**DATASET EXCERPT**
===============

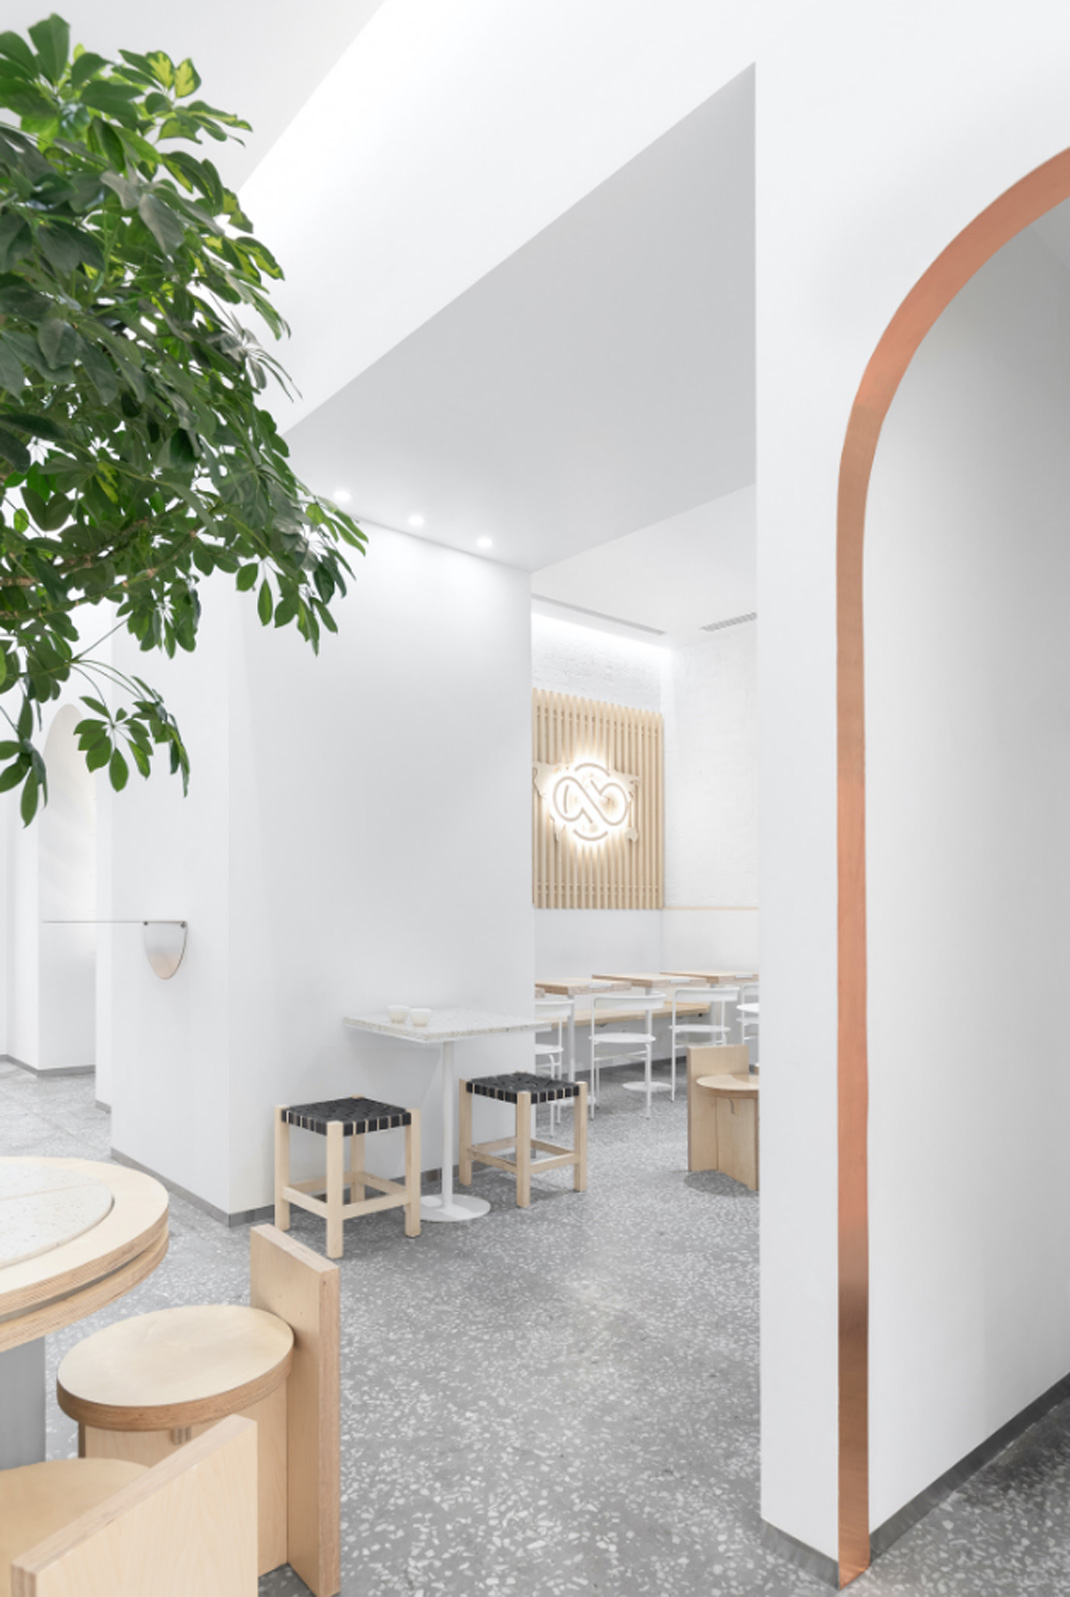 ABC咖啡烘焙机 俄罗斯 咖啡店 极简主义 日本设计 白色 logo设计 vi设计 空间设计
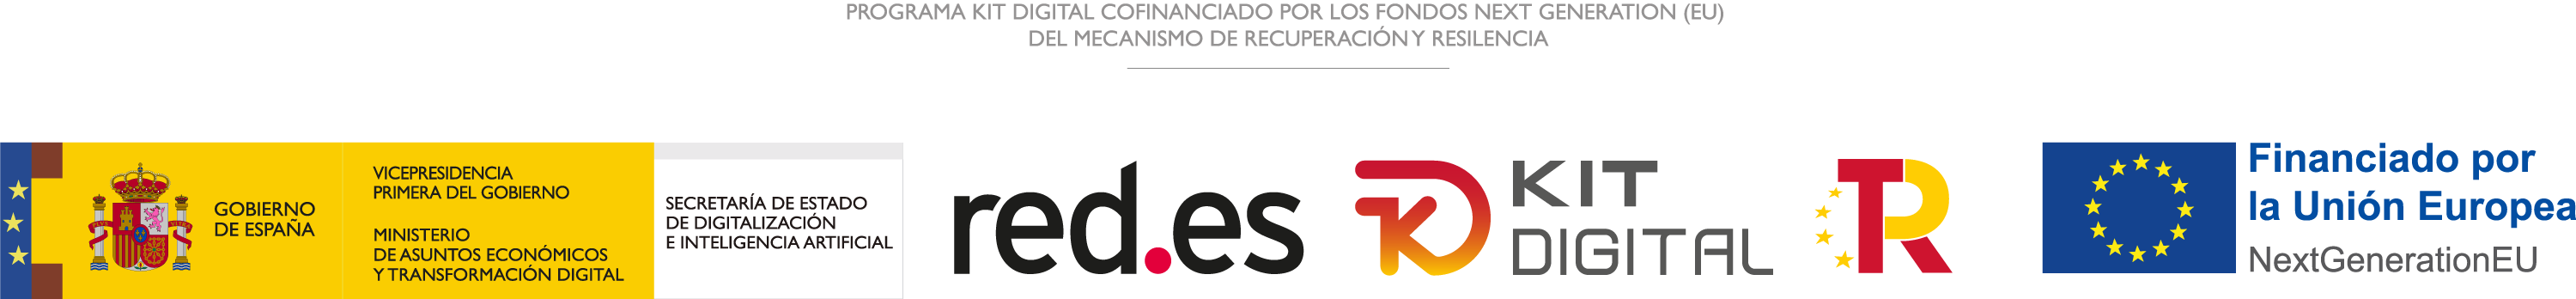 Logotipos Gobierno de España, red.es, Kit digital y Fondos UE
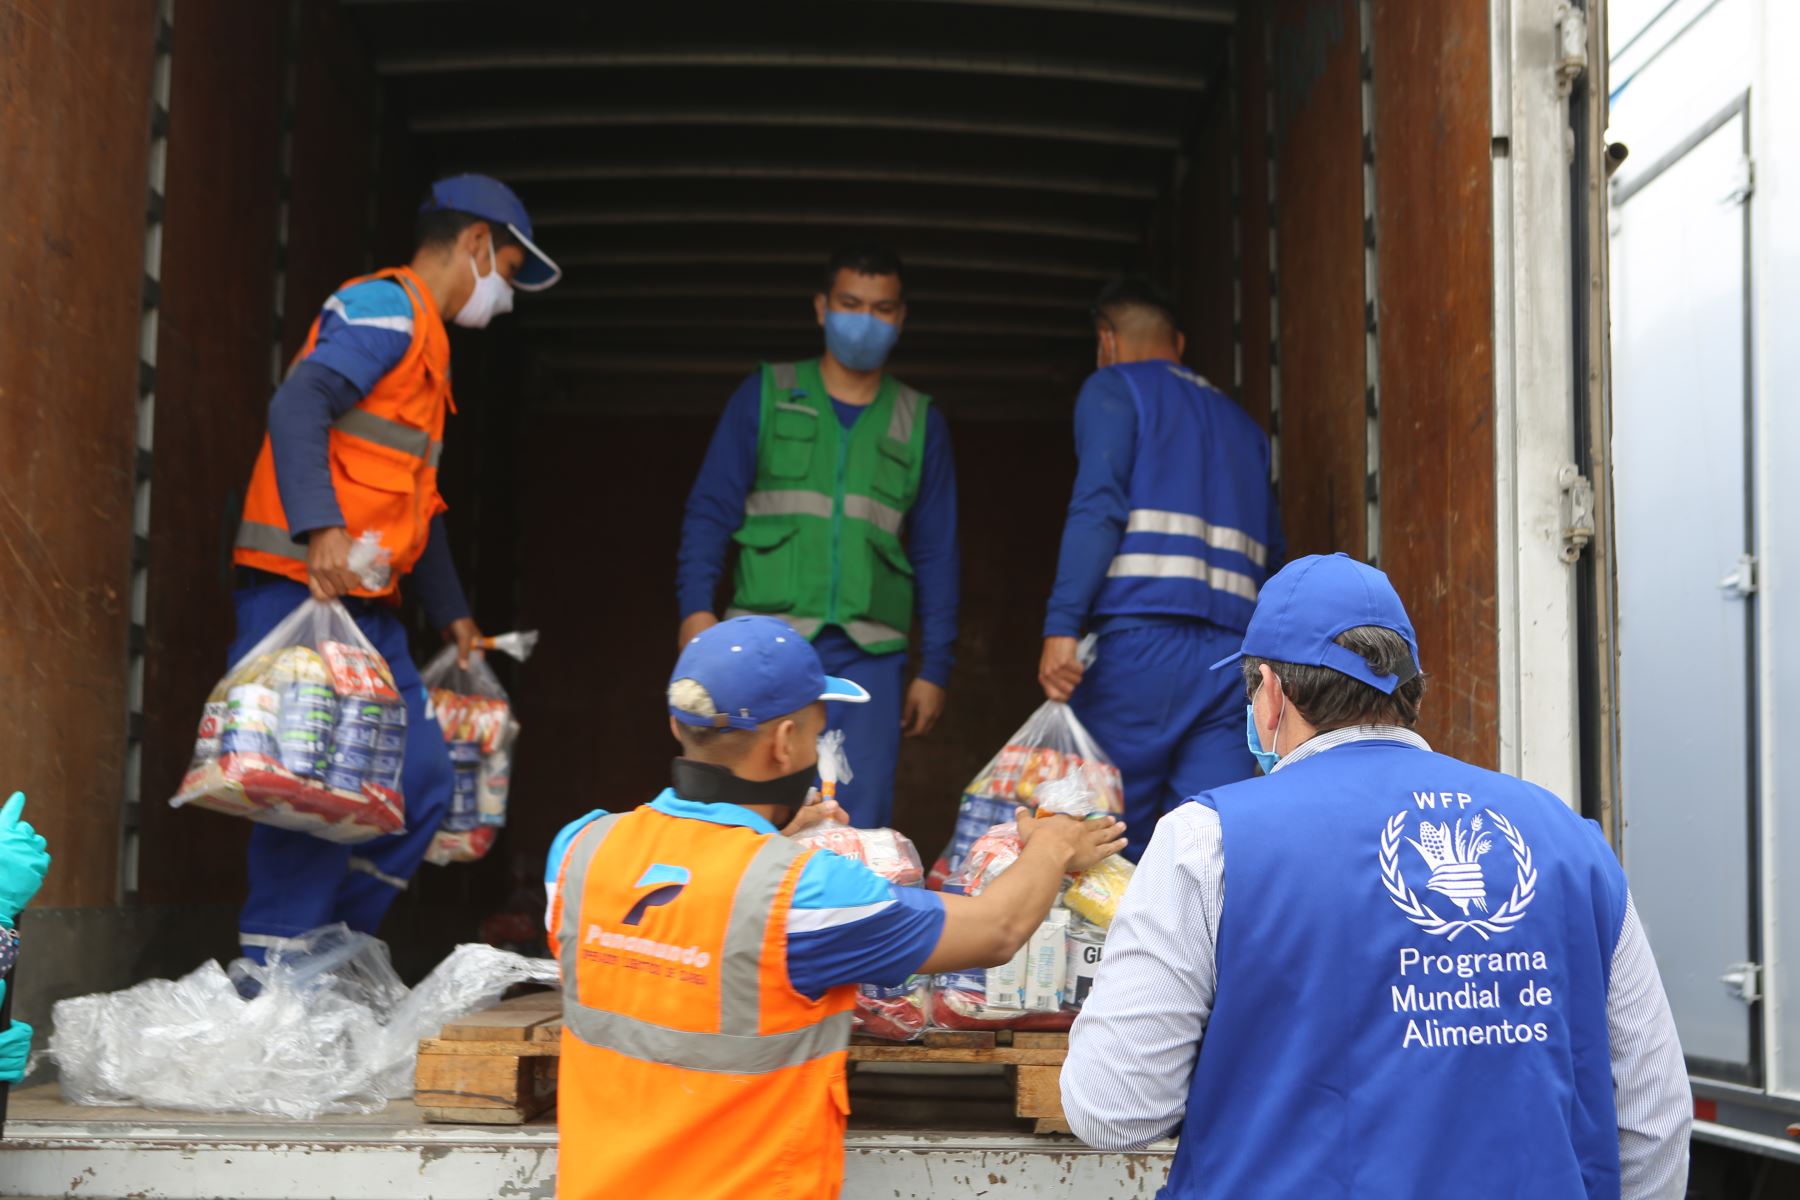 El WFP y sus aliados estratégicos generan una cadena de donaciones y recuperación sostenida de alimentos para los más necesitados.
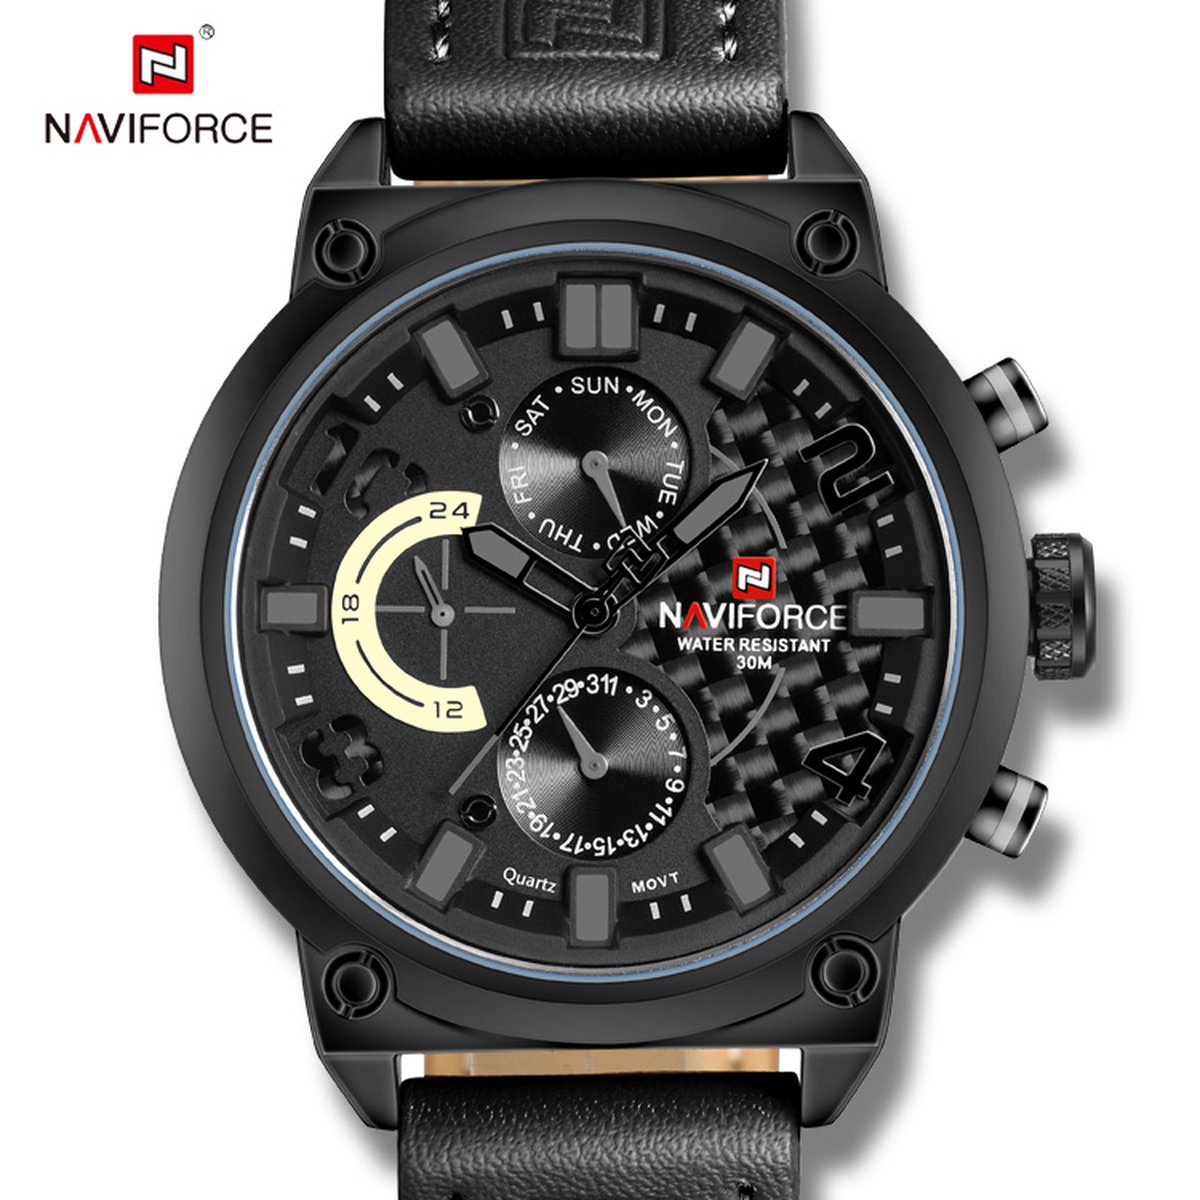 NAVIFORCE horloge voor mannen, met zwarte lederen polsband, zwarte uurwerkkast en grijze wijzerplaat ( model 9068L BGYB ), verpakt in mooie geschenkdoos

===============

**TASK DETAILS**
Pictures aside, reproduce exactly the lines from the one containing "Logotipos Gobierno de" to the end of the listing above, both ends included.

**TASK RESPONSE**
 Logotipos Gobierno de España, red.es, Kit digital y Fondos UE
 El WFP y sus aliados estratégicos generan una cadena de donaciones y recuperación sostenida de alimentos para los más necesitados.
 NAVIFORCE horloge voor mannen, met zwarte lederen polsband, zwarte uurwerkkast en grijze wijzerplaat ( model 9068L BGYB ), verpakt in mooie geschenkdoos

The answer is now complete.